Goal of the exercise >>
Beginning at the line that contains "School & Office Use" and finishing at the line that contains "Cora sits at", output the data below exactly. Include both end lines and no pictures.

Data for this task >>
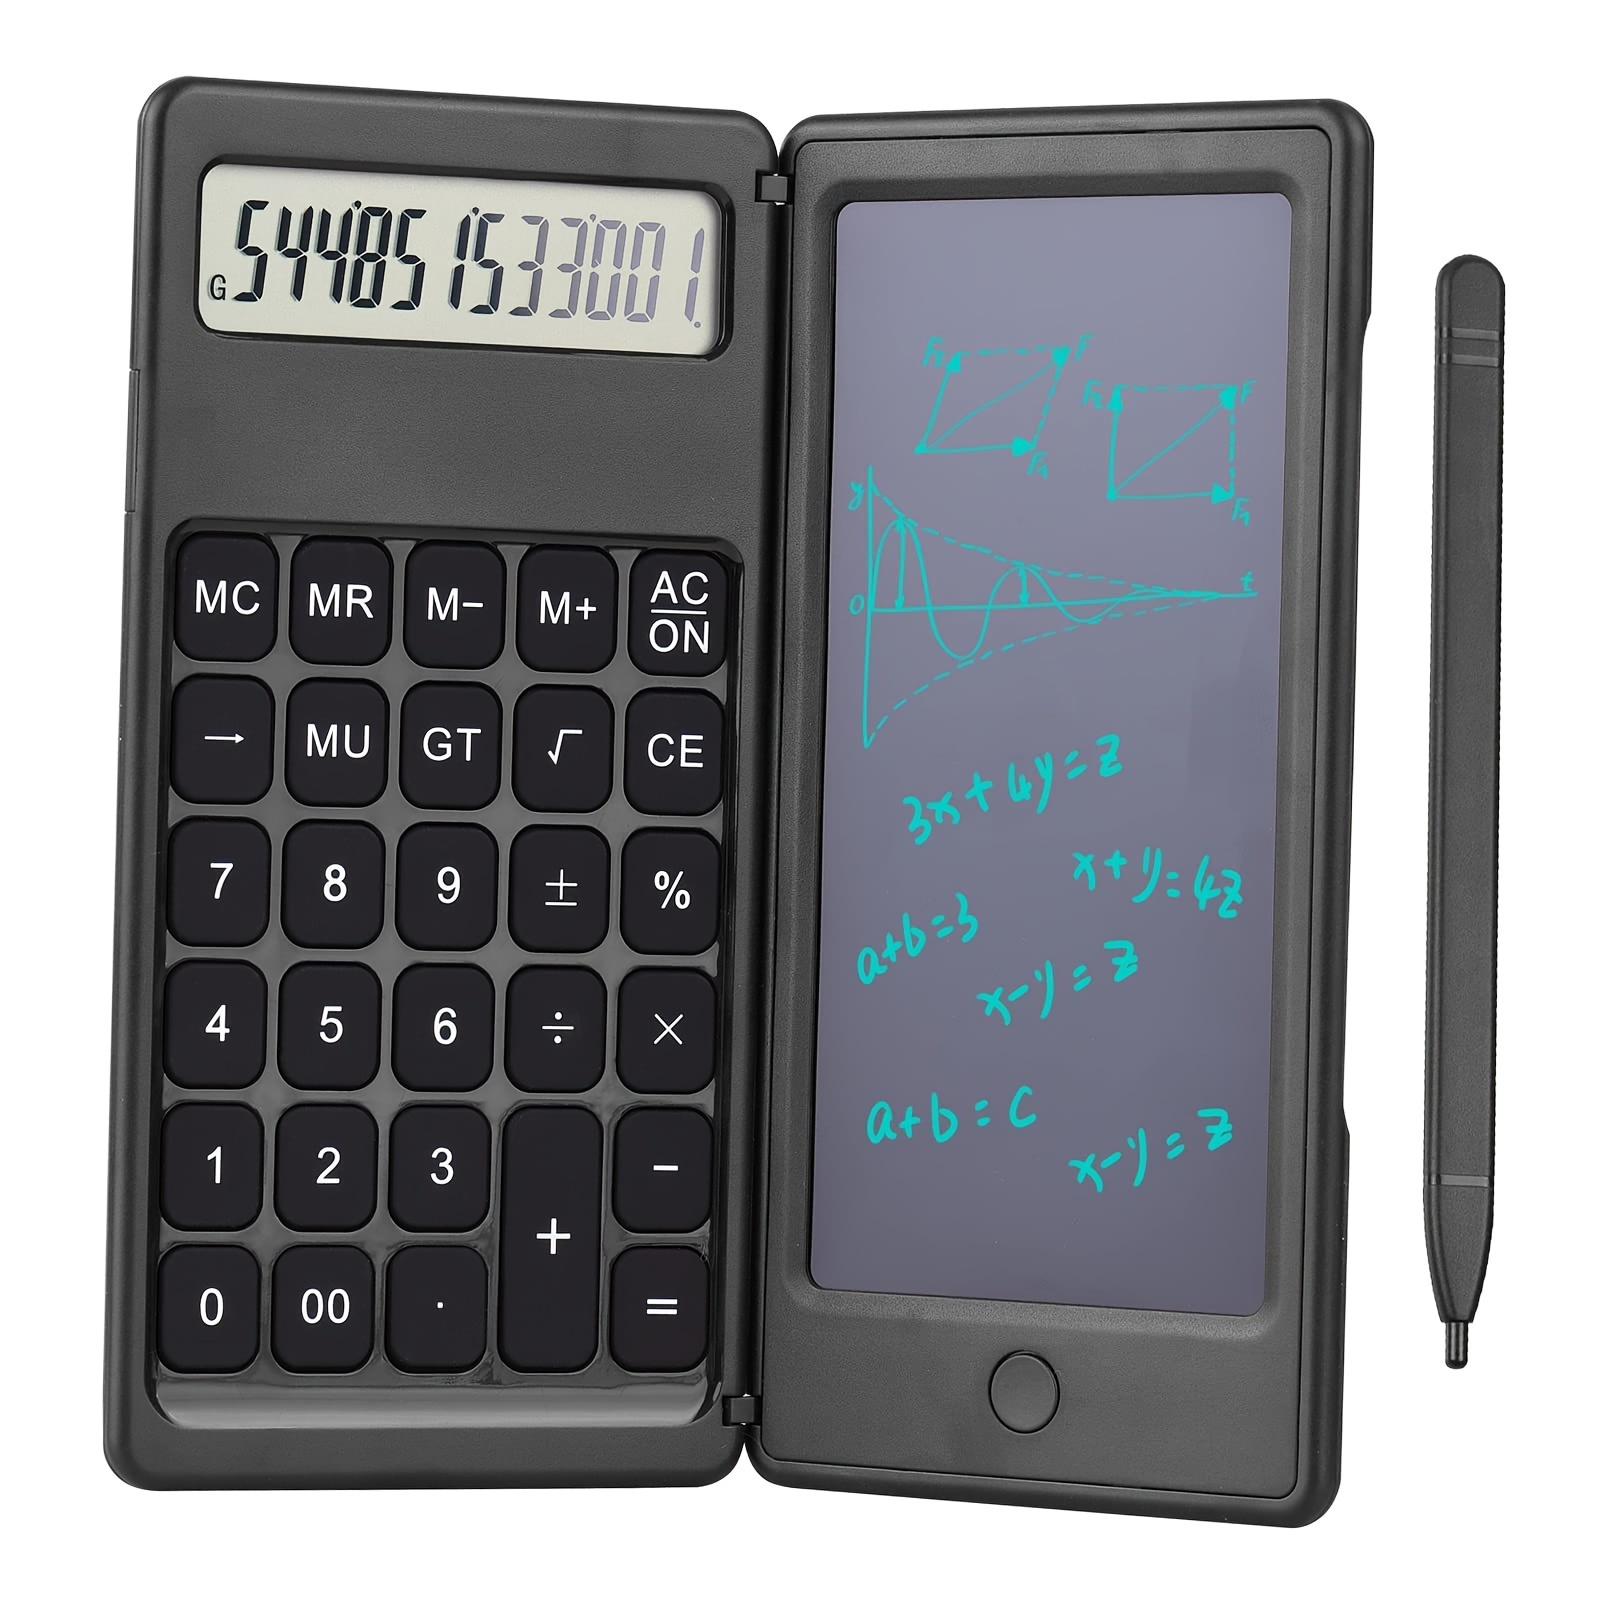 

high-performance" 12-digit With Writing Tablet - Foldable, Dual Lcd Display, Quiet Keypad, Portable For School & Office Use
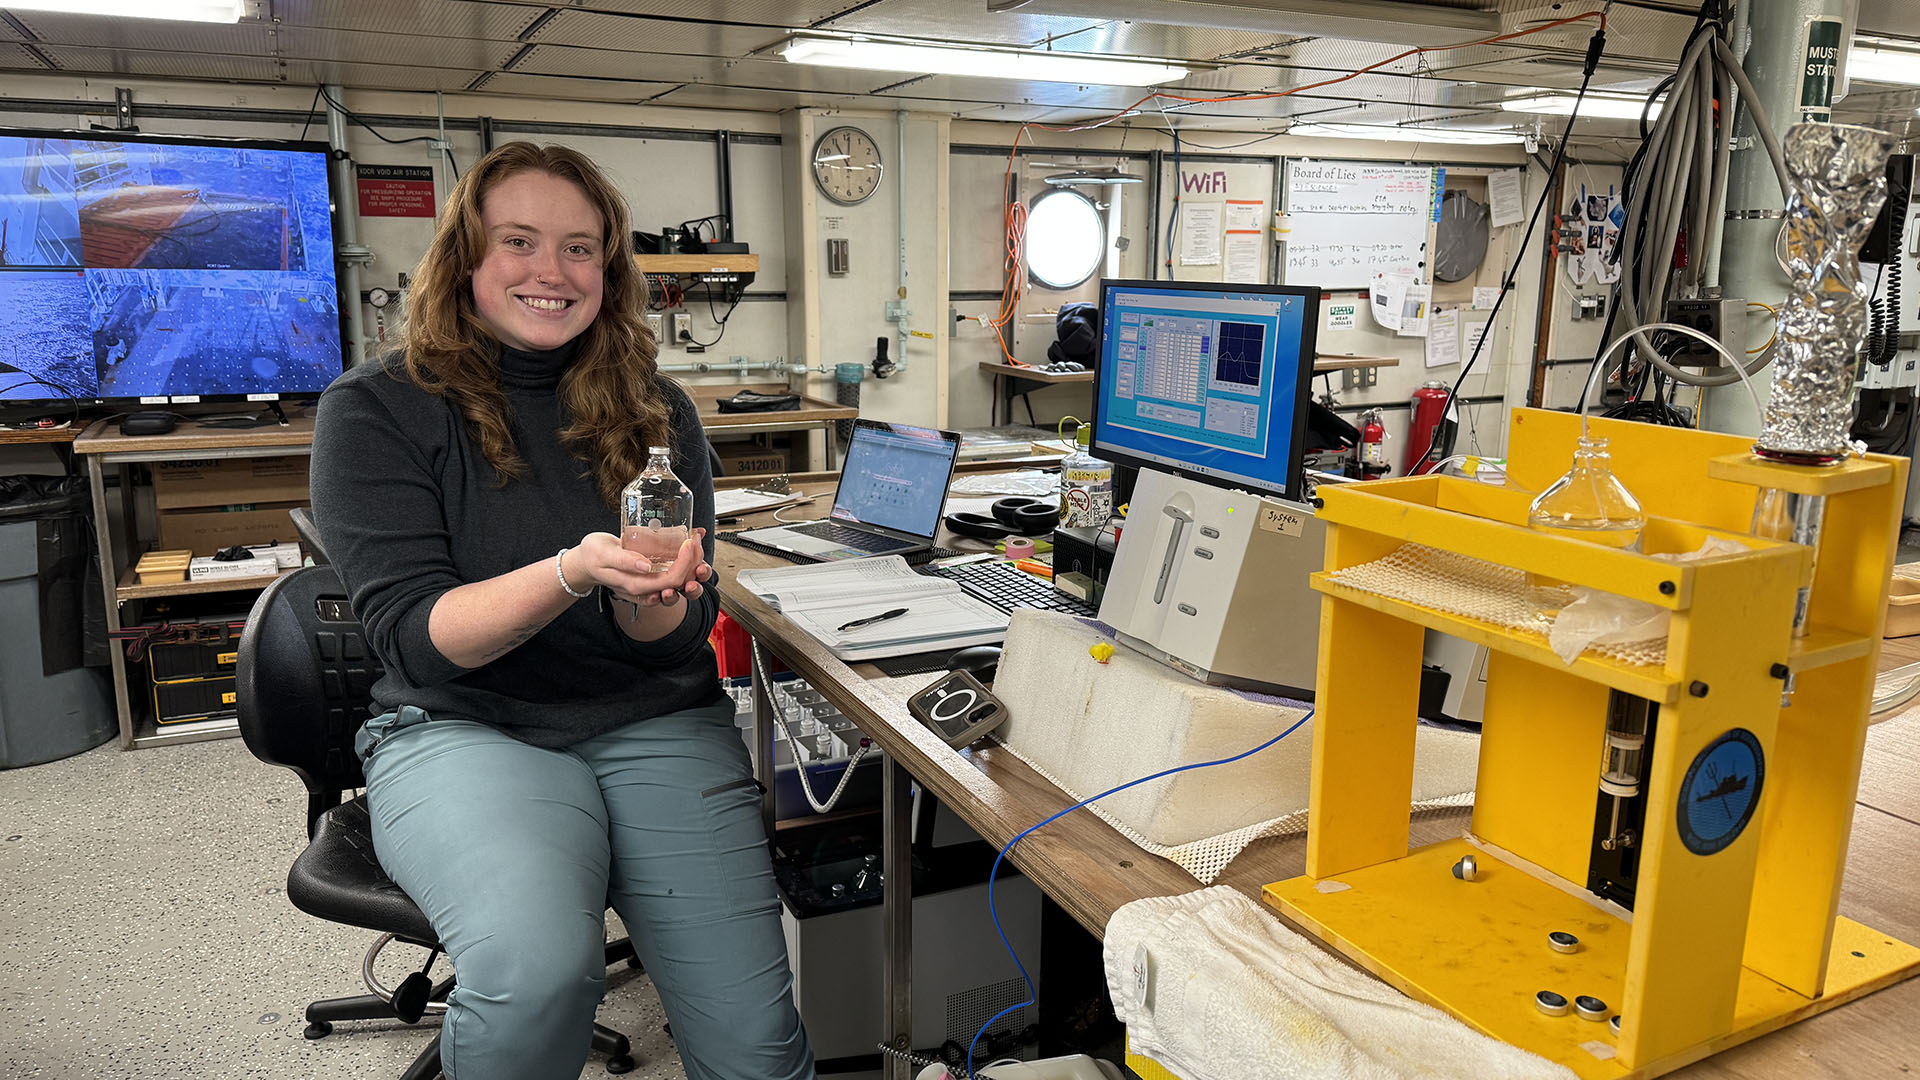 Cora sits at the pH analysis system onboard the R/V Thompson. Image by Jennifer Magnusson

---

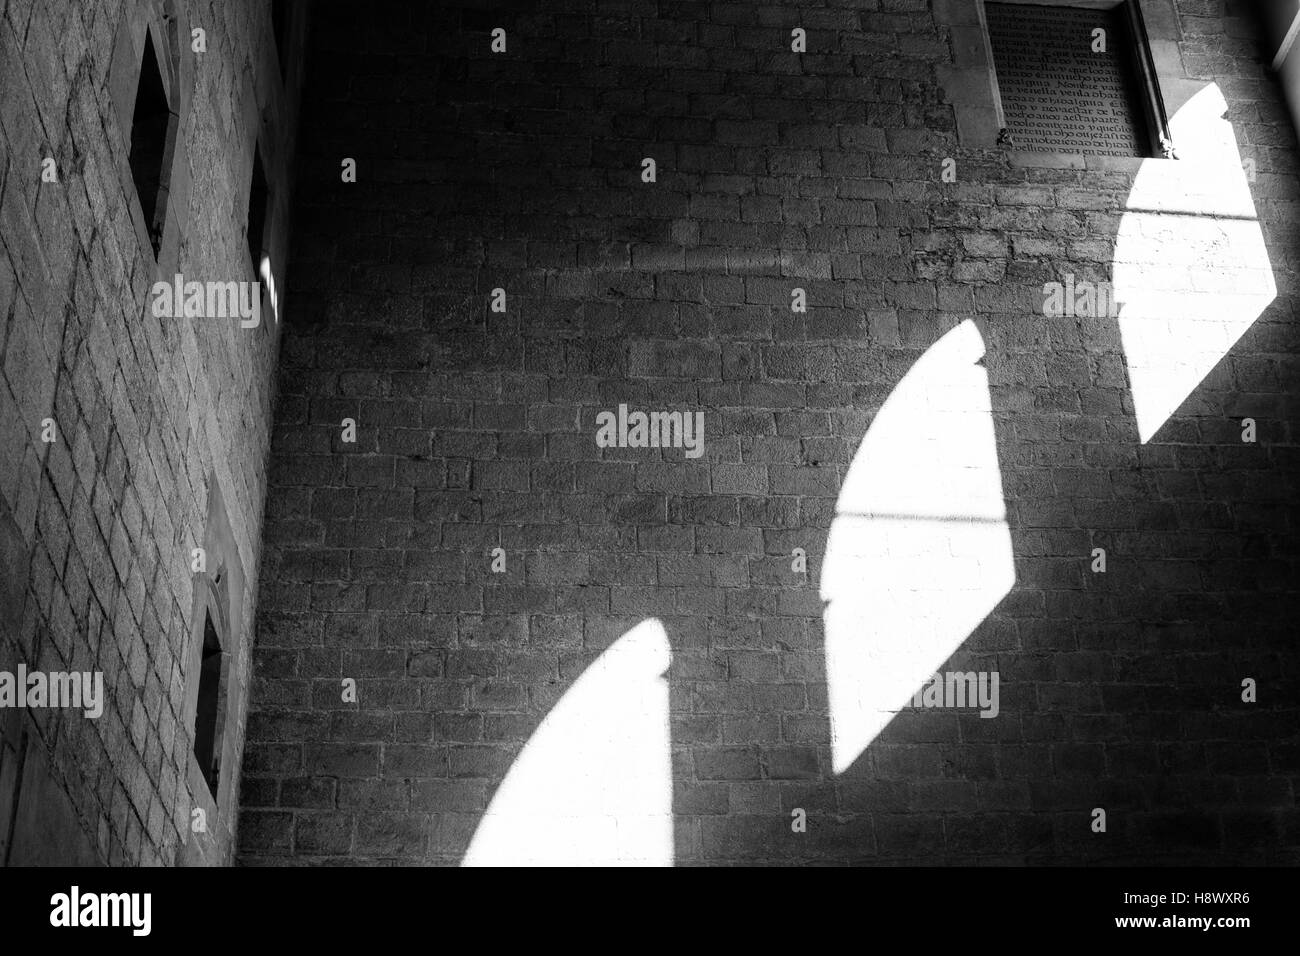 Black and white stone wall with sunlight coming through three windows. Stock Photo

==

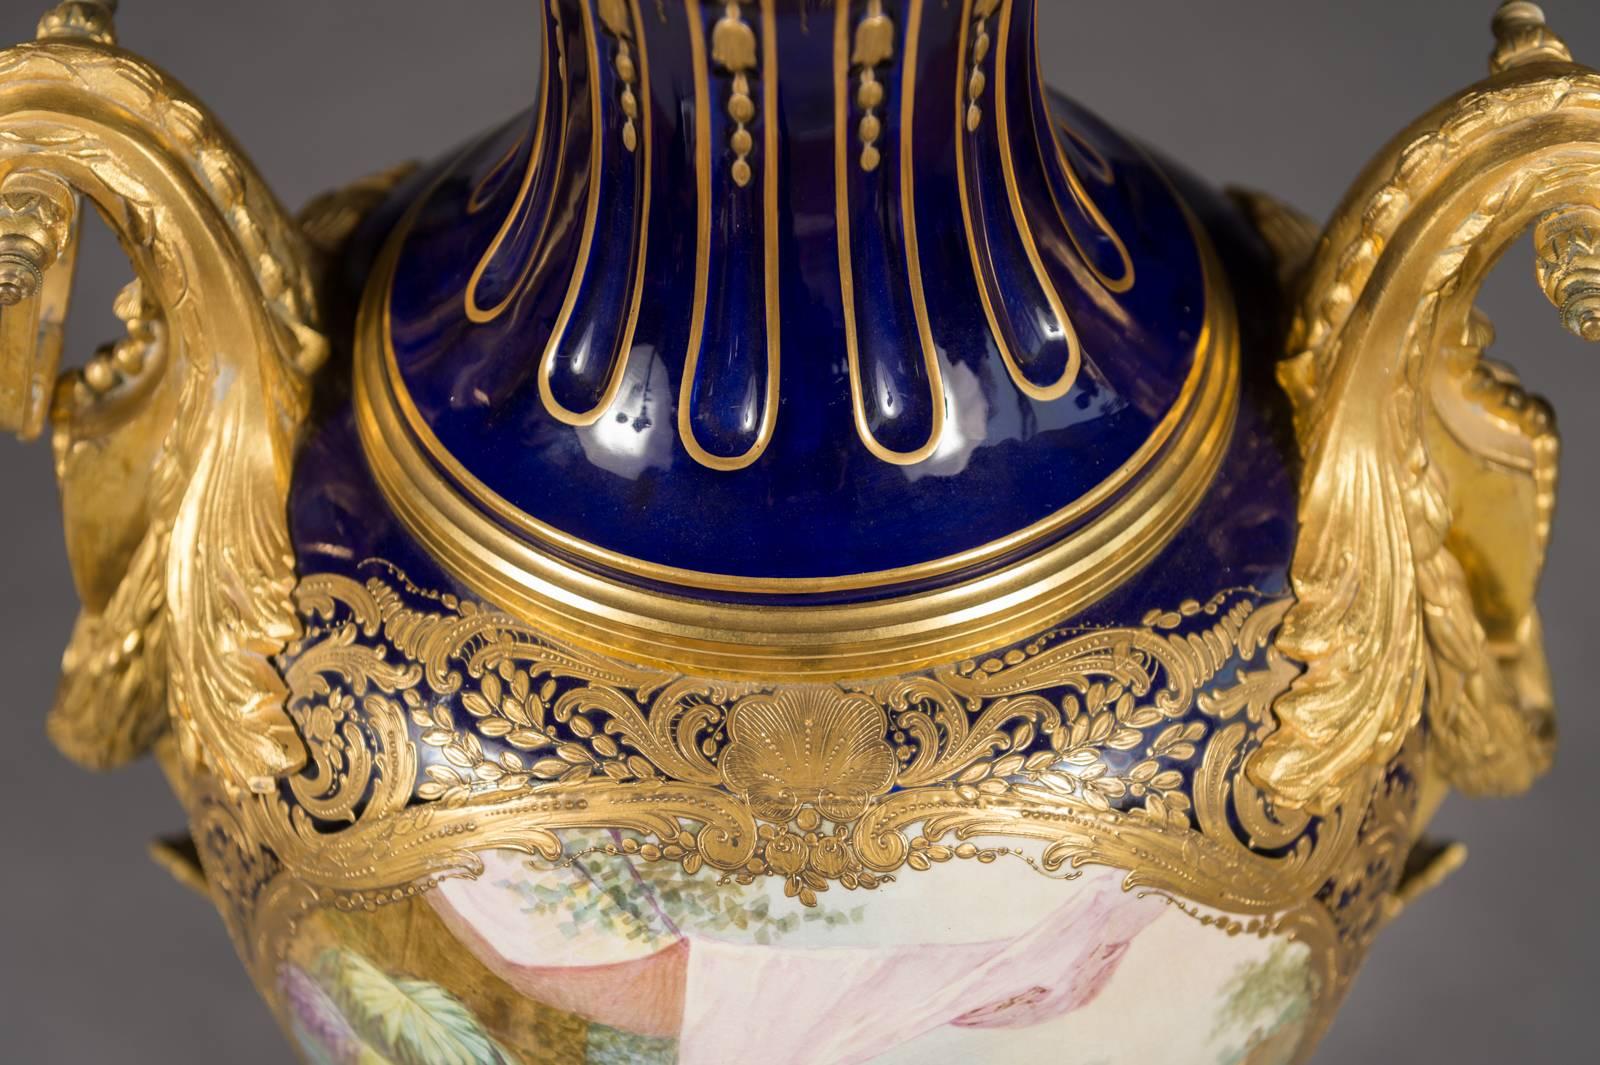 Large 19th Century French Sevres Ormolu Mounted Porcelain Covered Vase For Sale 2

Answer >>
high-performance" 12-digit With Writing Tablet - Foldable, Dual Lcd Display, Quiet Keypad, Portable For School & Office Use
 Cora sits at the pH analysis system onboard the R/V Thompson. Image by Jennifer Magnusson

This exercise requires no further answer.